ECHR has now received appeals from all former political prisoners
Junqueras, Romeva and Bassa present their appeal denouncing a case against the whole independence movement
BarcelonaThe European Court of Human Rights (ECHR), based in Strasbourg, has now received appeals from all the political leaders the Spanish Supreme Court imprisoned over the 2017 Independence referendum. This Wednesday the last three were submitted Republican Left of Catalonia (ERC) president and former Catalan vice-president Oriol Junqueras and former Catalan ministers Raül Romeva and Dolors Bassa. Now it is time to wait for the verdict. The appellants' legal team explained that all the appeals are expected to be grouped together into a single macro-case, and they reckon it will take "at least" two years to know the final outcome.
In their lawsuit, Junqueras, Romeva and Bassa denounce the violation of up to eight rights, but above all they want the case to transcend their personal situation and widen the scope to a broad case against the entire "pro-independence political movement". What the three appellants are seeking is a favourable sentence that backs the whole movement and, in particular, those who are still waiting to be tried. This is what their lawyer, Andreu van den Eynde, has expressed: "We not only want violations of rights to be repaired, but we want the case to be understood as a political case and we urge global solutions". How will they do it? By trying to convince the court that in the trial of the independence bid leaders in the Supreme Court "all the law was distorted to pursue not certain criminal acts, but certain people" with a certain ideology.

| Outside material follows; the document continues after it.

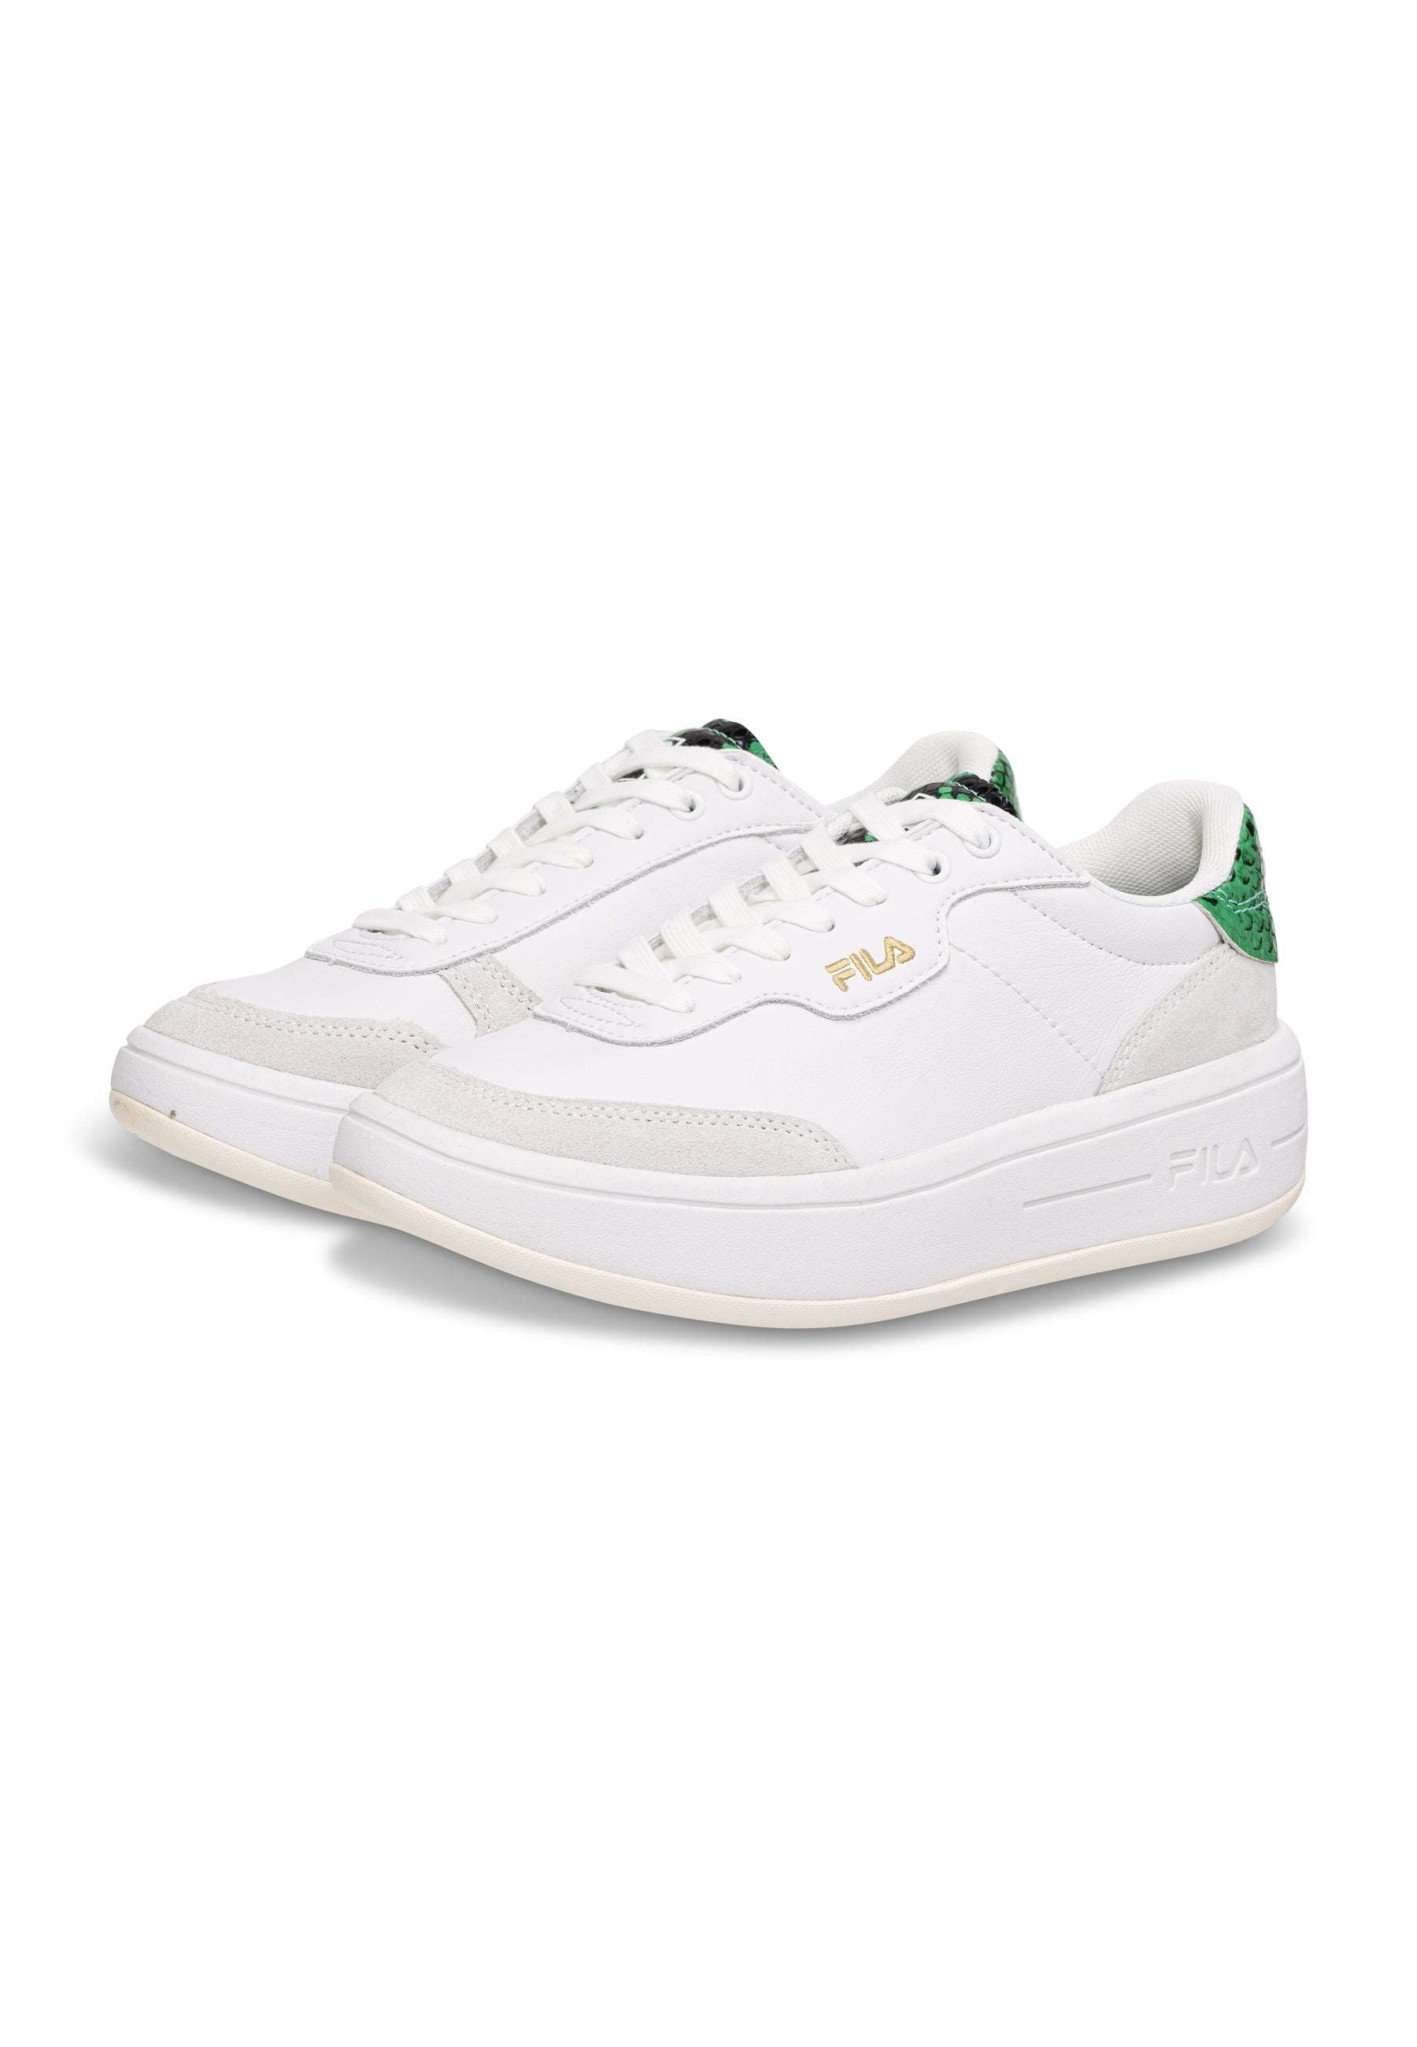 Fila Premium F Wmn in White-Verdant Green Sneakers Fila

Apart from the political complaint, the appeal includes violations of the principle of legality; the right to freedom; freedom of expression; freedom of assembly and demonstration; the right to a fair trial; the right to presumption of innocence; the prohibition of abuse of power and the right to free elections. According to Bassa, the feeling she always had was that they were seeking her to be "politically silenced". Romeva summarised everyone's desire: "That we may find at a European level the justice we have not found in the Spanish state".
For and one against
Convicts can appeal to European courts when they have exhausted al their resources in Spain. In this case, this happened last March, when the Constitutional Court dismissed their appeal. However, there were three dissenting votes on this ruling. This will be one of the cards the appellants will play. "A third of the Constitutional Court that agrees with us," Van den Eynde recalled.
But some elements will play against them, such as the hypothesis that the ECHR may understand that, with the subsequent pardons, the convicted have already received a reparation. On this point Junqueras protested. He recalled that, despite the measure of grace, his 13-year ban not only from institutional politics but also from "teaching at the university" (Junqueras worked as a lecturer) is still in place. "There is a general case," he concluded. This is precisely what they will try to make the ECHR understand.